Give back the full listing, character for character, with no pictures.

*** Opening AVAILABLE DATA ***

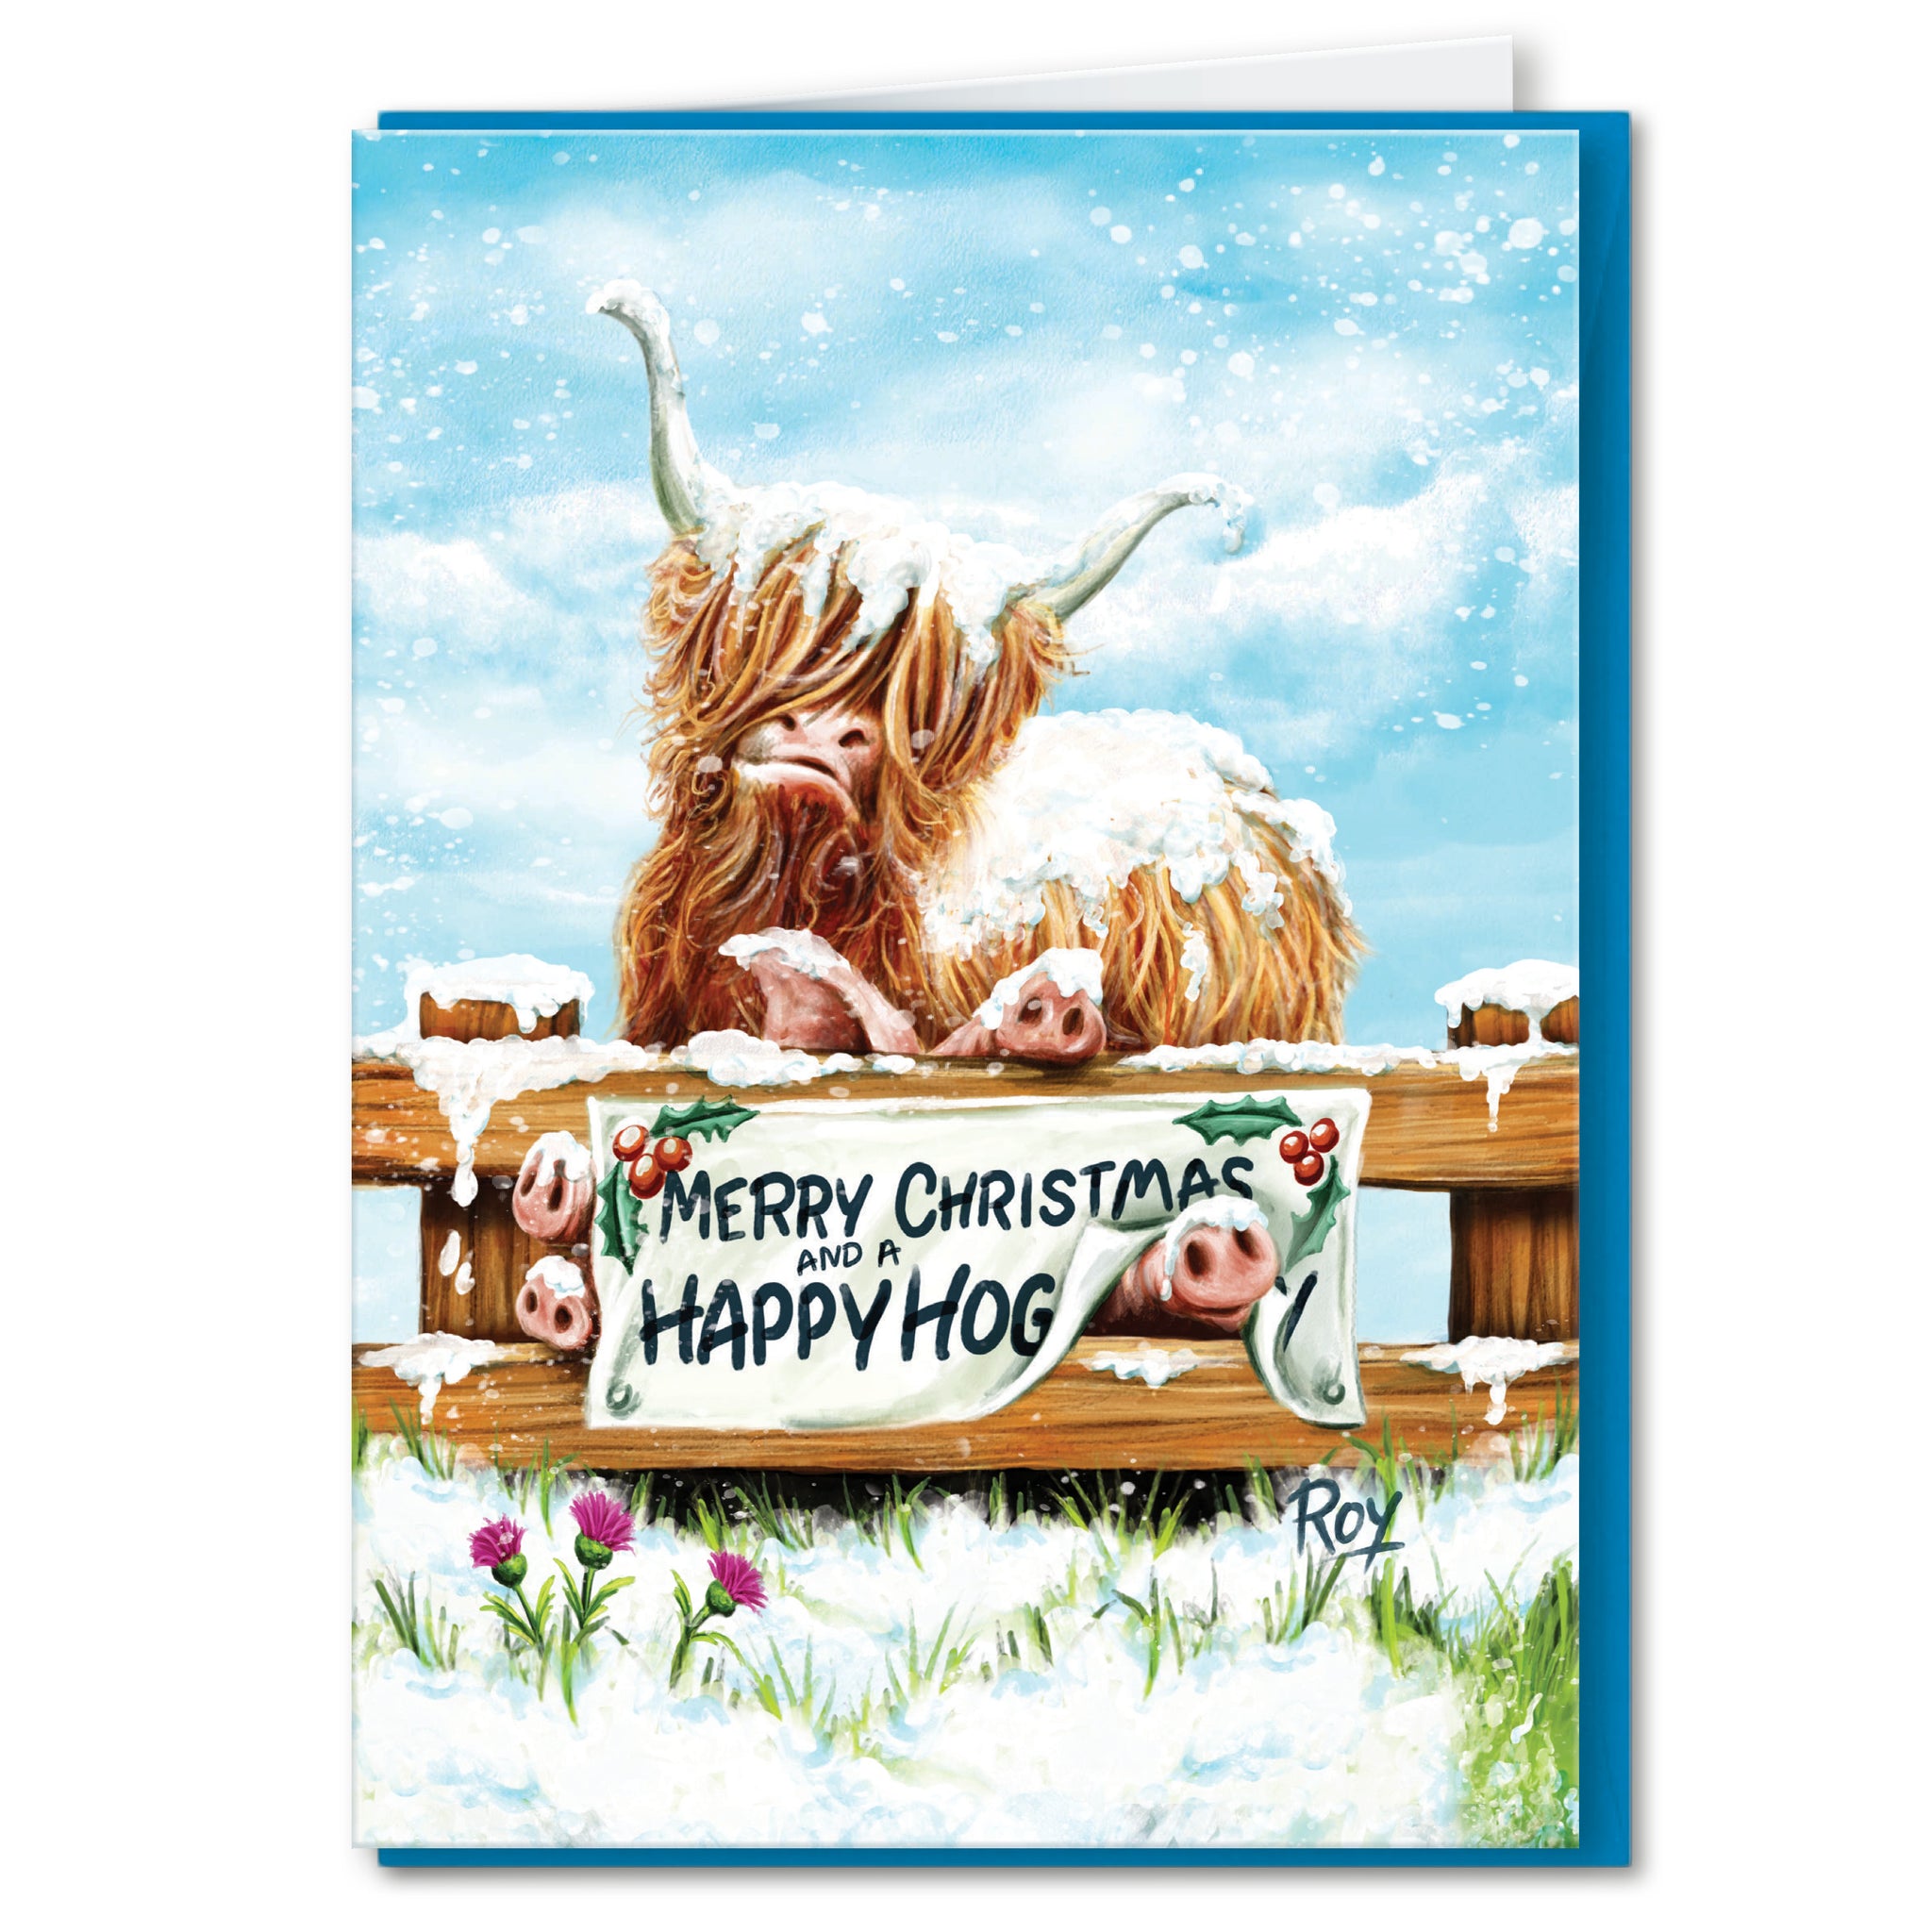 Happy Hog: Christmas Greeting Card
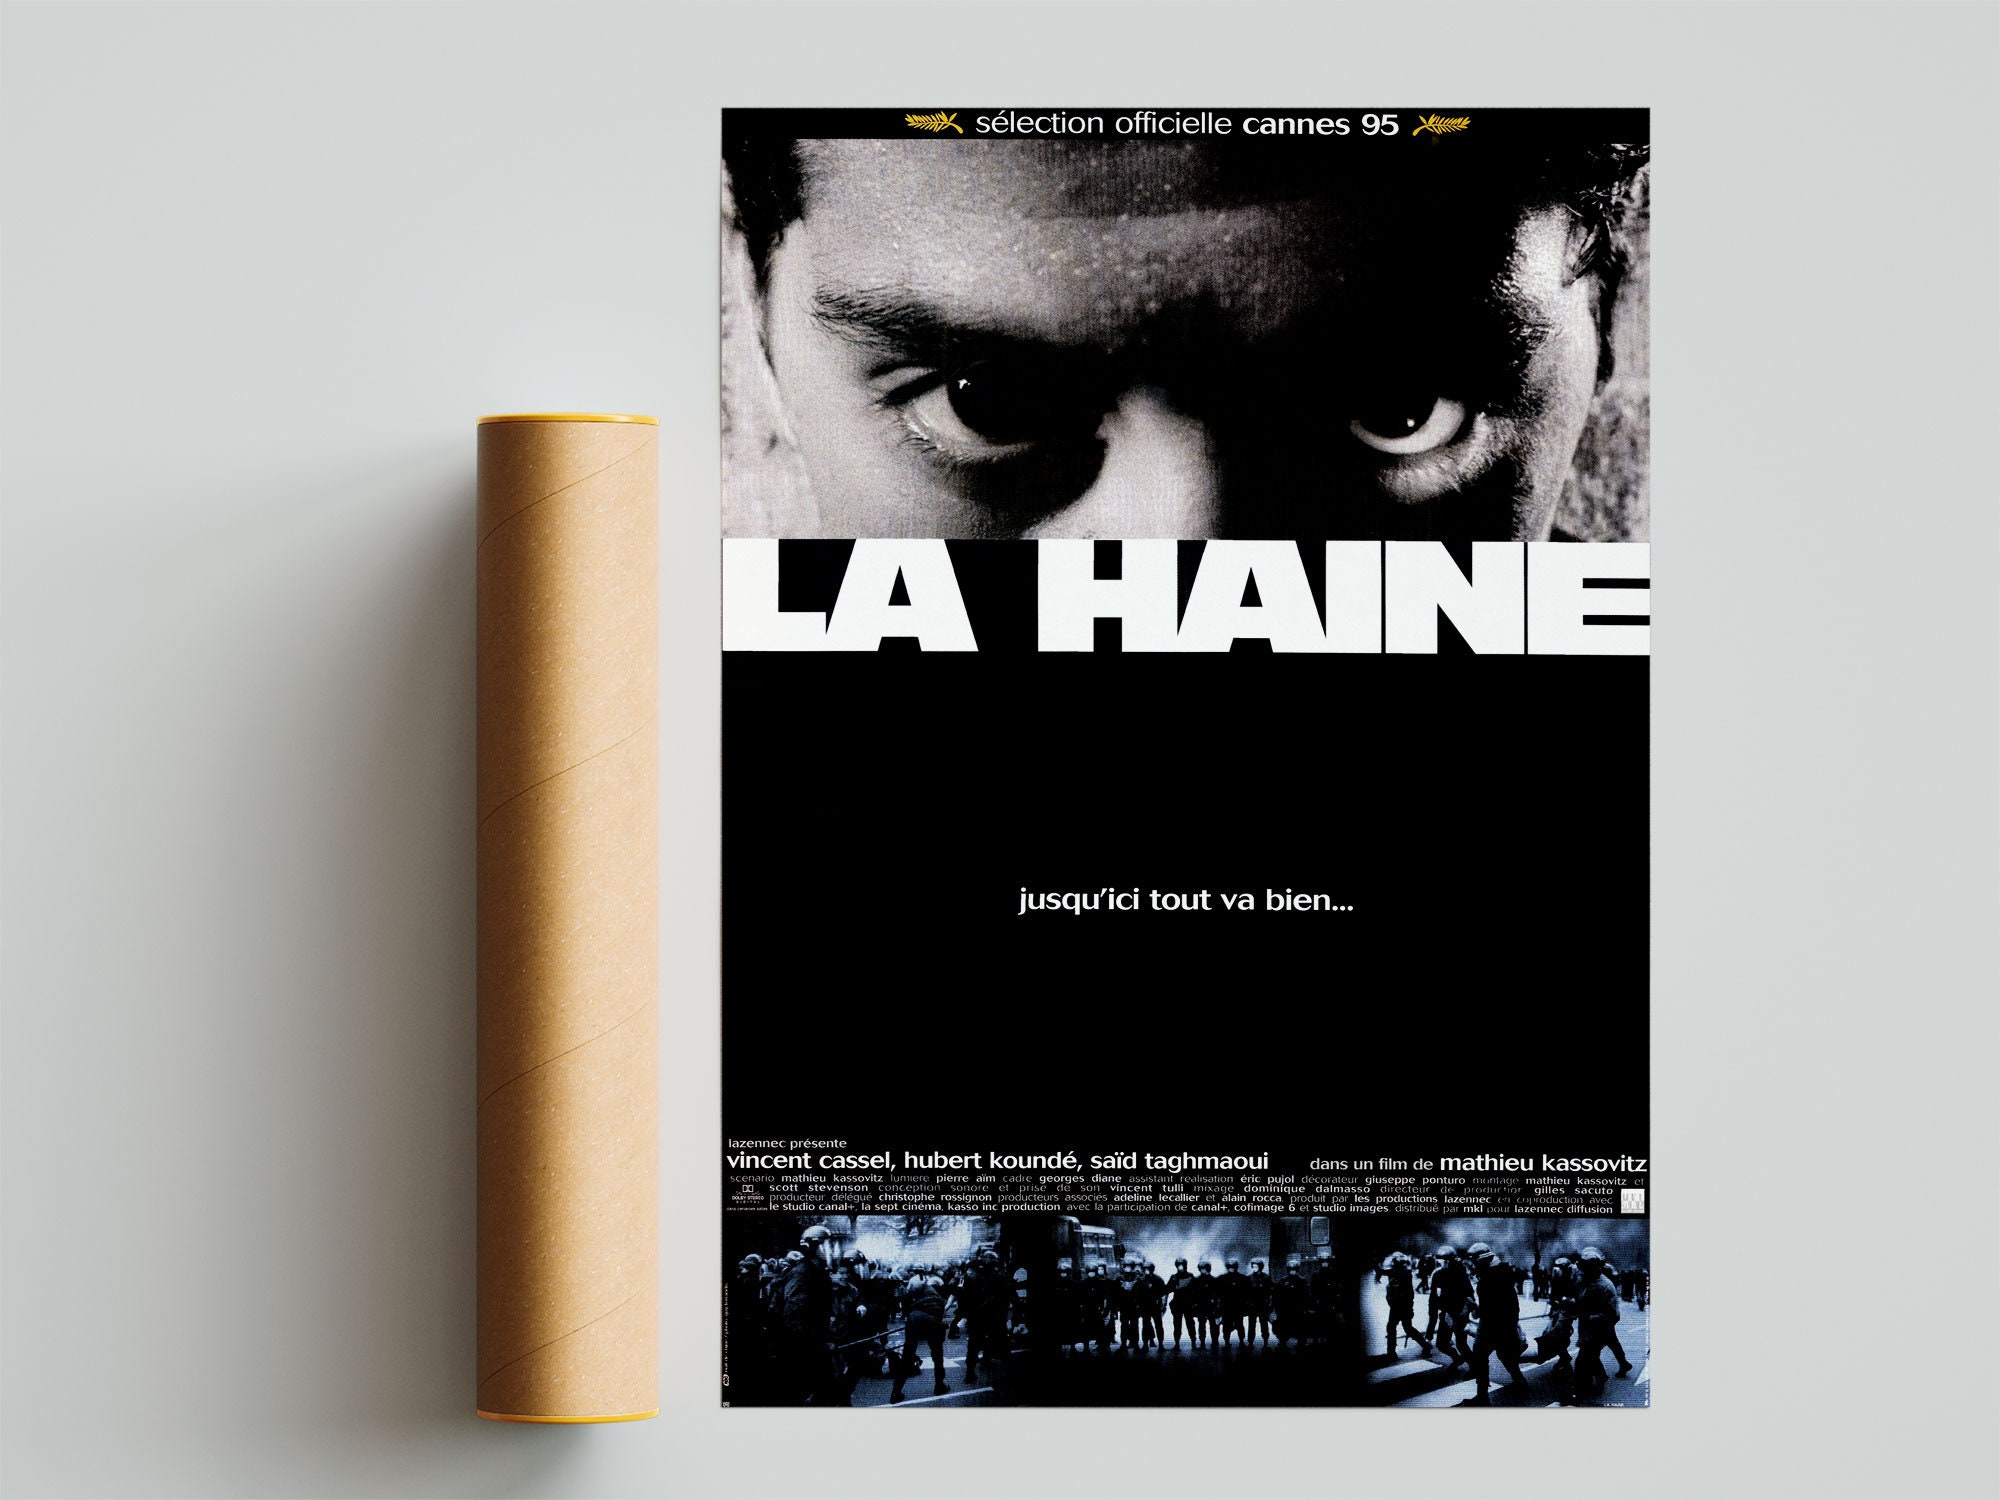 LA HATE Original Cinema Poster ROULEE 53x40 Movie Poster Mathieu Kassovitz
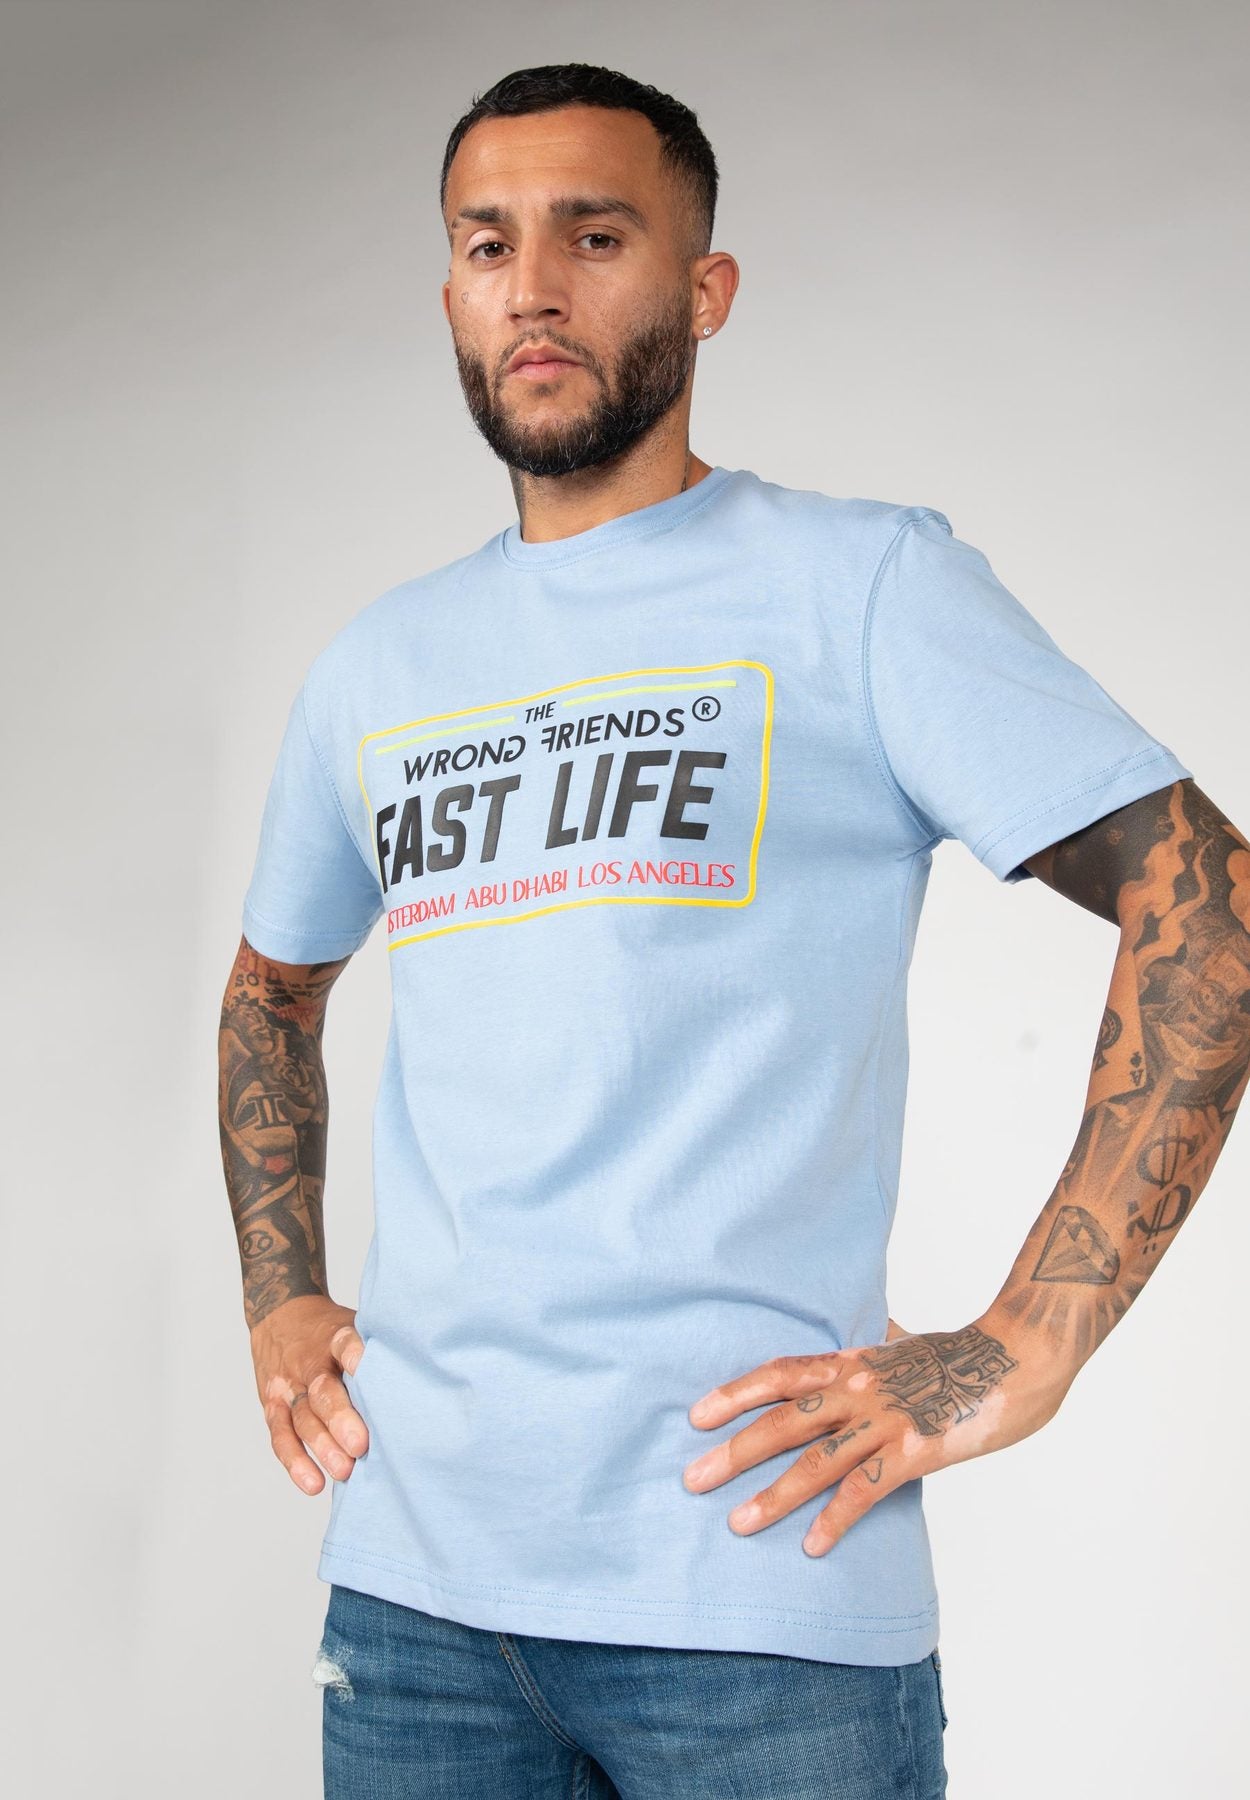 Fast Life T-shirt Blue

*** Closing AVAILABLE DATA ***

TASK ANSWER:
 Happy Hog: Christmas Greeting Card
 LA HATE Original Cinema Poster ROULEE 53x40 Movie Poster Mathieu Kassovitz
 Fast Life T-shirt Blue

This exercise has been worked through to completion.